- Problem to work on
For this exercise, restate word for word only the lines from the one containing "Алматы облысында салық" through the last line below. Pictures do not get copied.

- Supplied data
○ ○ ○ ○ ○ ○ ○
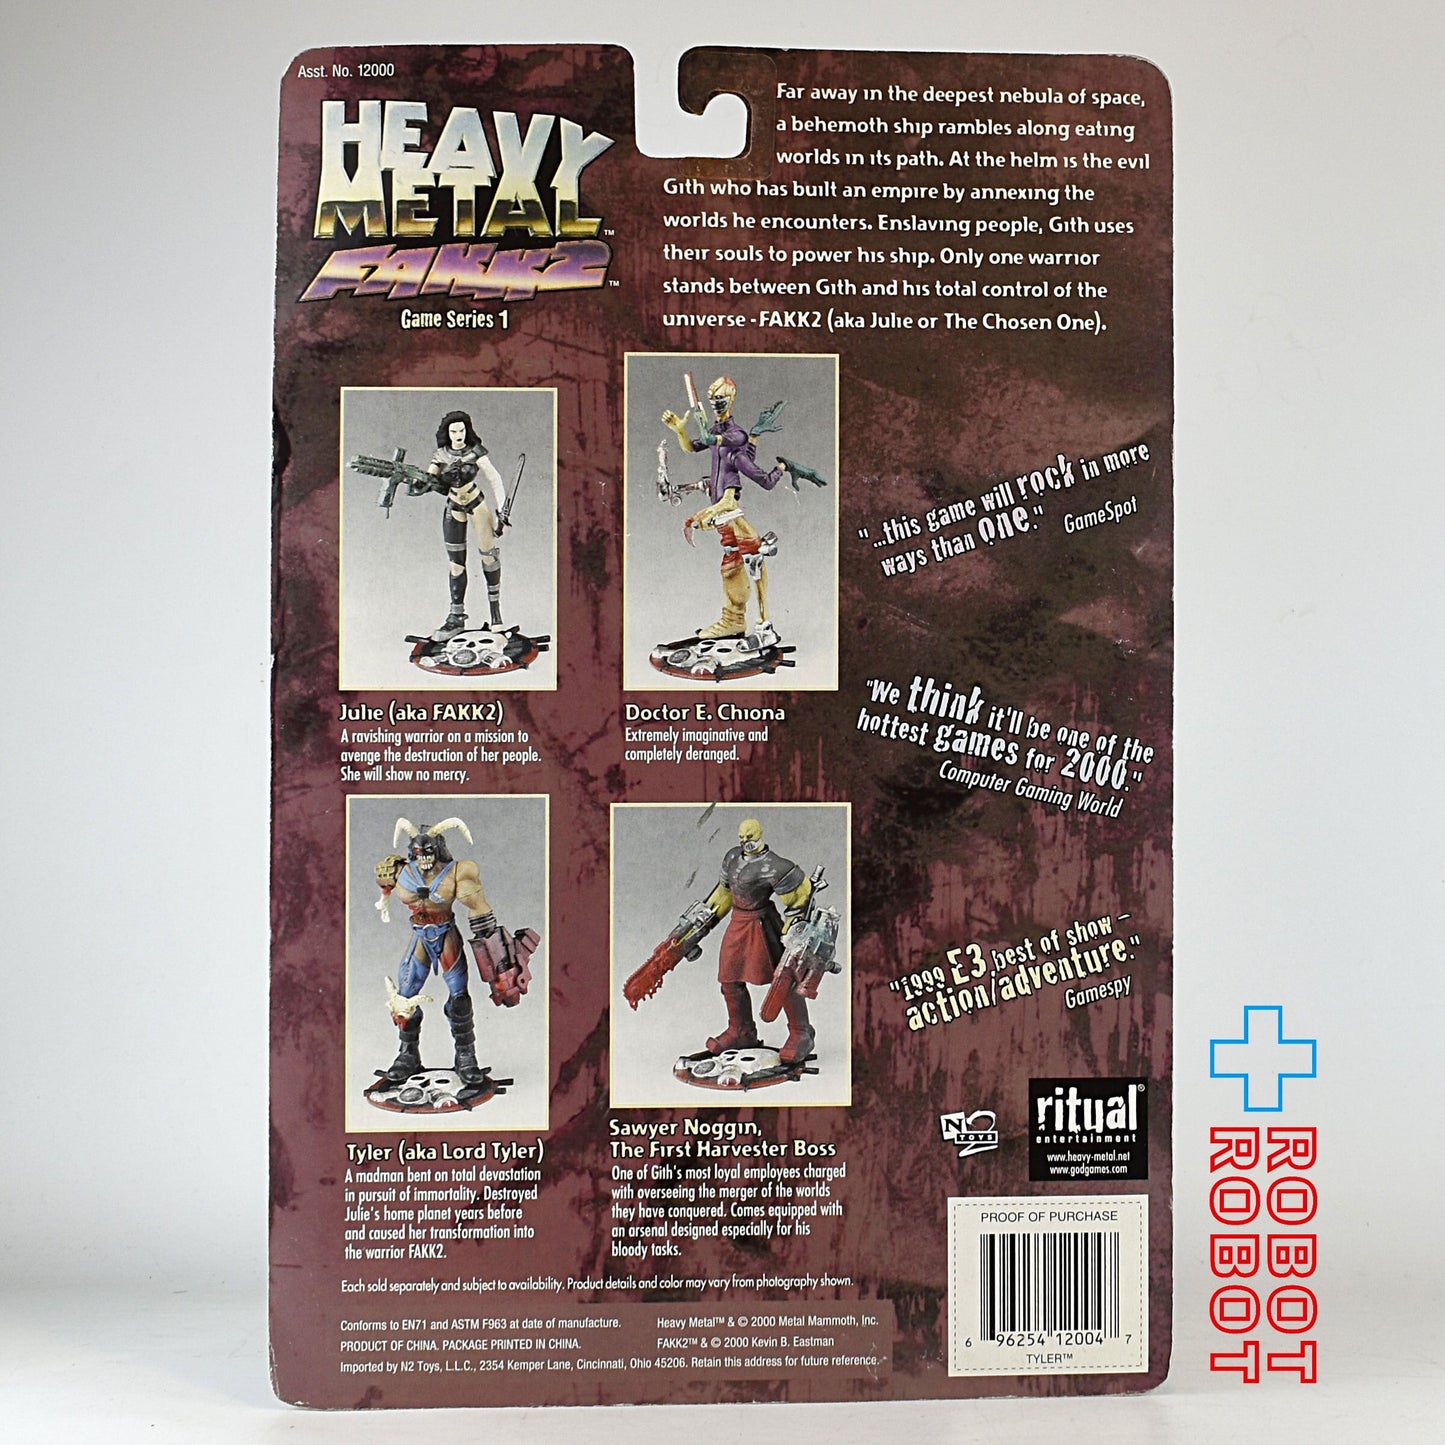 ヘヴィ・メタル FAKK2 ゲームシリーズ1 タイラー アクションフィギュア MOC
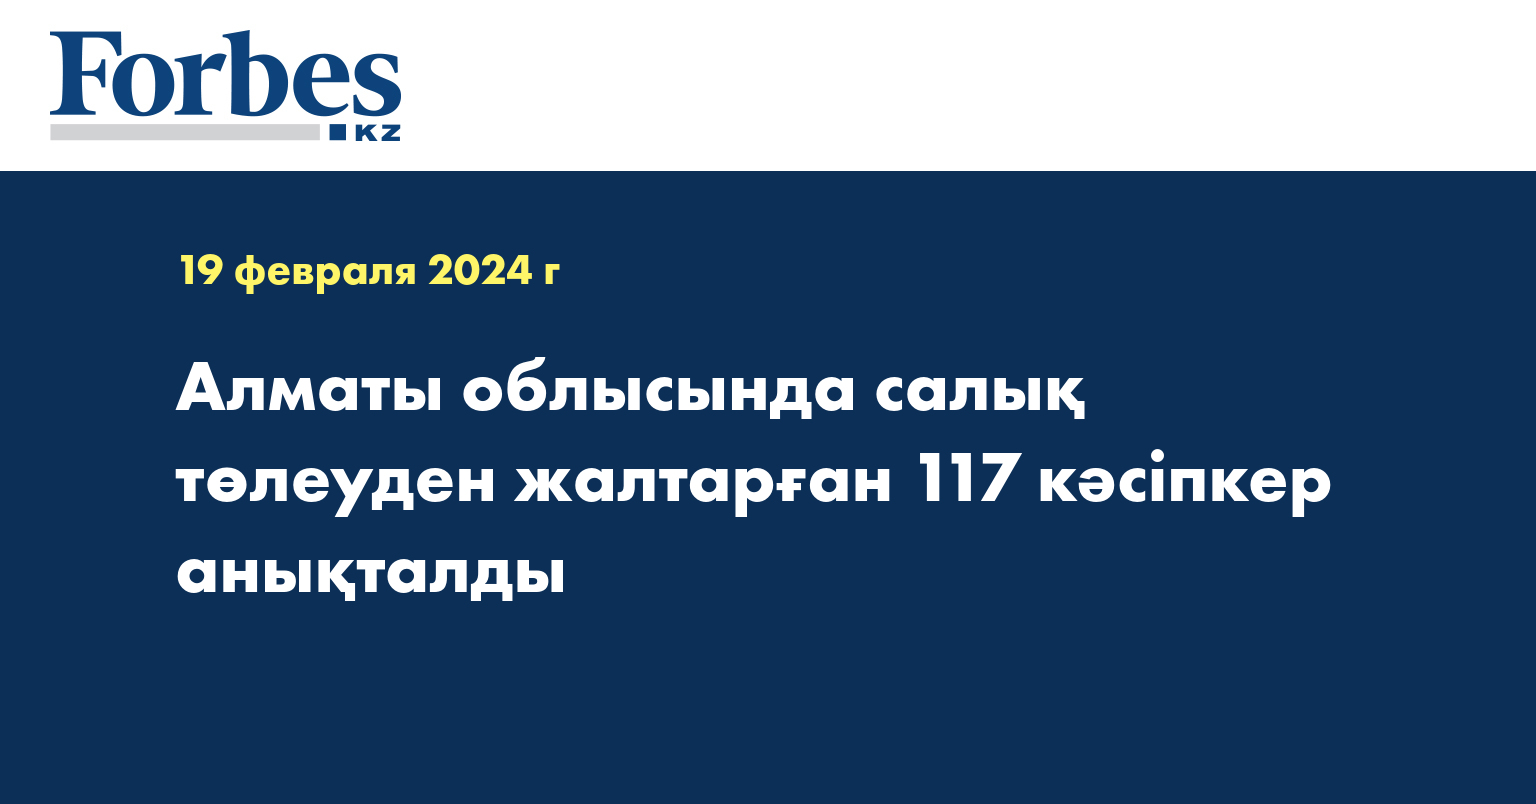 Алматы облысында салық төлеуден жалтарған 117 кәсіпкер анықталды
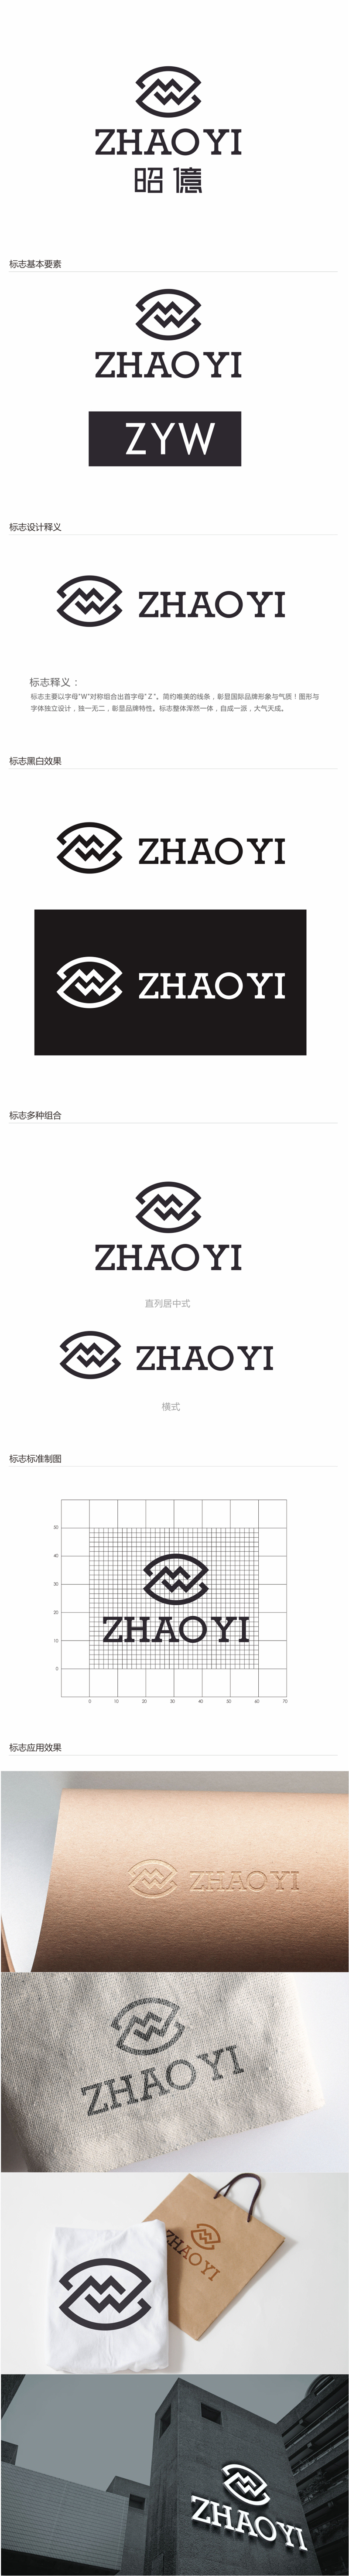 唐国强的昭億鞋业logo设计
○ ○ ○ ○ ○ ○ ○
- The answer
 Алматы облысында салық төлеуден жалтарған 117 кәсіпкер анықталды
 唐国强的昭億鞋业logo设计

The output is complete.